The new data show that the neurons respond in a highly idiosyncratic way to different aspects of texture. Some neurons respond to coarse features of a texture. Others respond to fine features, certain patterns of indentation in the skin, or any number of combinations in between. The researchers identified at least 20 different patterns of response.

Rich sensations

“Some of them map onto things we understand, like roughness or the spatial pattern of a texture,” Bensmaia says. “But then it becomes combinations of skin vibration coupled with patterns of skin deformation, things that are abstract and a little harder to describe.”

But these more abstract features of texture are what can make the difference in being able to distinguish between bedsheets with different thread counts. The researchers recorded responses to 55 different textures, and Bensmaia says he can tell which one researchers used just by looking at the pattern of activity it generated in the brain.

“Velvet is going to excite one subpopulation of neurons more than another, and sandpaper is going to excite another overlapping population,” he says. “It’s this variety in the response that allows for the richness of the sensation.”

Prosthetic hands

Along with Nicho Hatsopoulos, who studies how the brain directs movement in the limbs, Bensmaia also pioneered research to build brain-controlled robotic prosthetic limbs. These devices work by implanting arrays of electrodes in the somatosensory cortex and areas of the brain that control movement. The electrodes pick up activity in neurons as the patient thinks about moving their own arm to direct the robotic arm to move accordingly. The prosthetic hand is fitted with sensors to detect sensations of touch, such as pressing on individual fingertips, which in turn generates electrical signals that stimulate the appropriate areas of the brain.

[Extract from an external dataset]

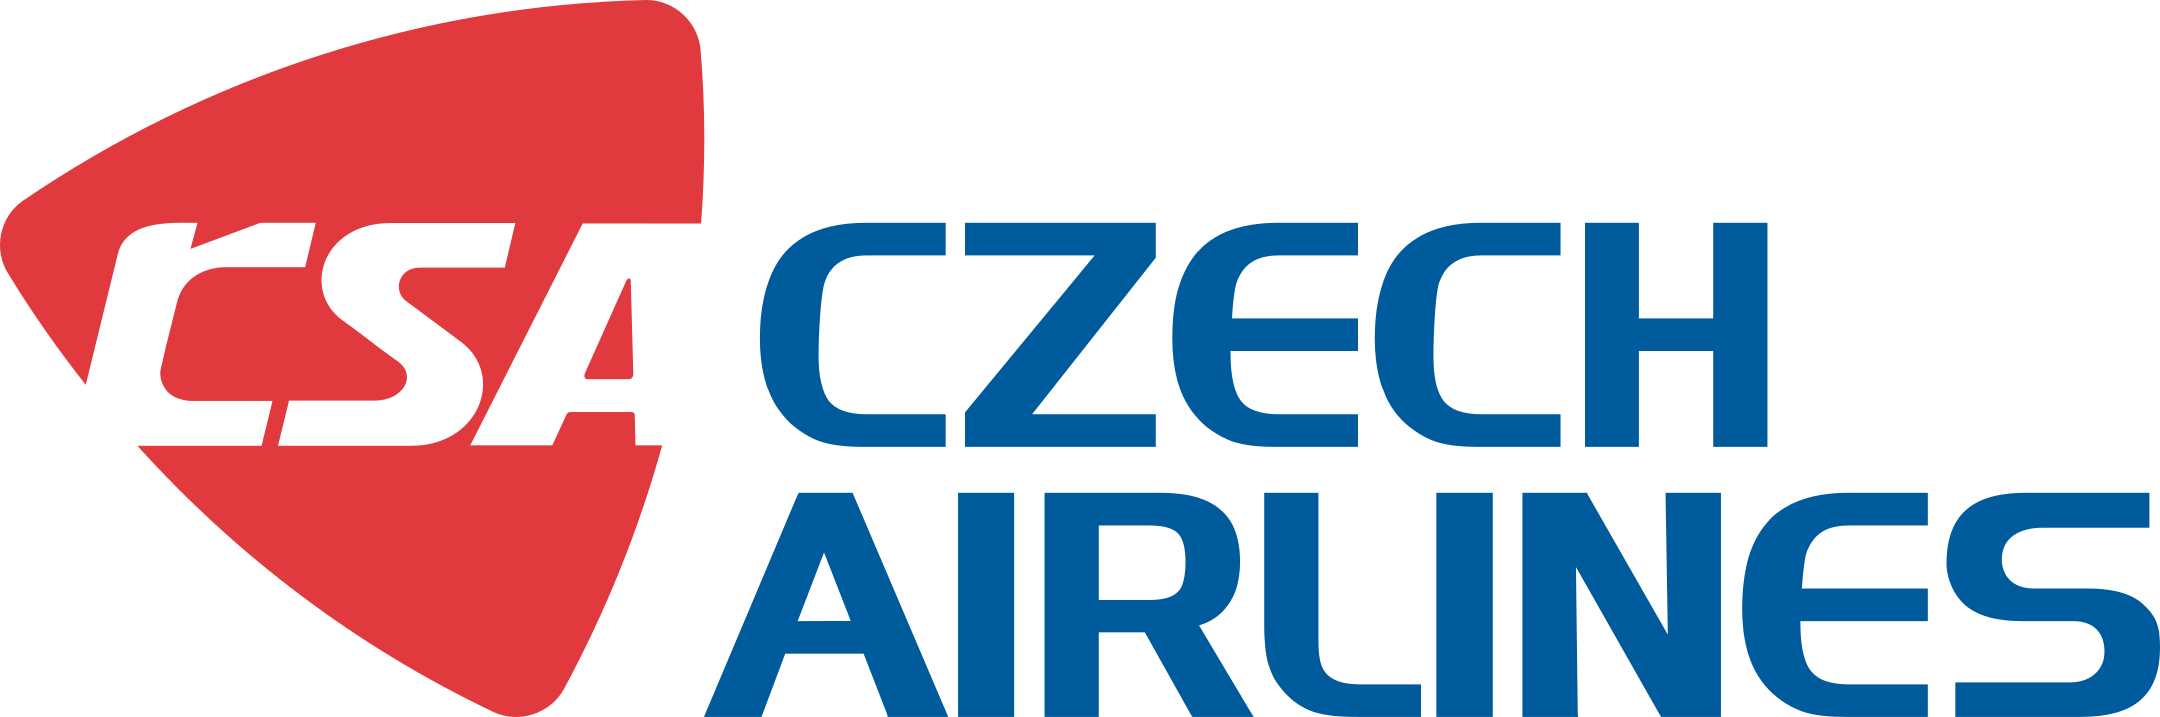 Czech Airlines Logo.

Theoretically, the same technique could recreate sensations of texture, but Bensmaia points out that the new study shows why this could be a challenging task.

The neurons that correspond to each fingertip are located in clearly defined areas of the somatosensory cortex, so it’s easier to stimulate the appropriate spot for a given touch. But neurons throughout the somatosensory cortex respond to texture inputs, and they’re mixed together. There’s no defined region of neurons that respond to sandpaper or the plastic keyboard of a laptop, for example.

“It’s going to be pretty challenging to be able to create textural sensations through electrical stimulation, because you don’t have these monolithic groups of neurons working together,” he says. “It’s very heterogenous, which could make it difficult to implement in prosthetics. But that’s also how we get this rich sensation of texture in the first place.”

The research appears in the Proceedings of the National Academy of Sciences. Funding for the work came from the National Institute of Neurological Disorders and Stroke.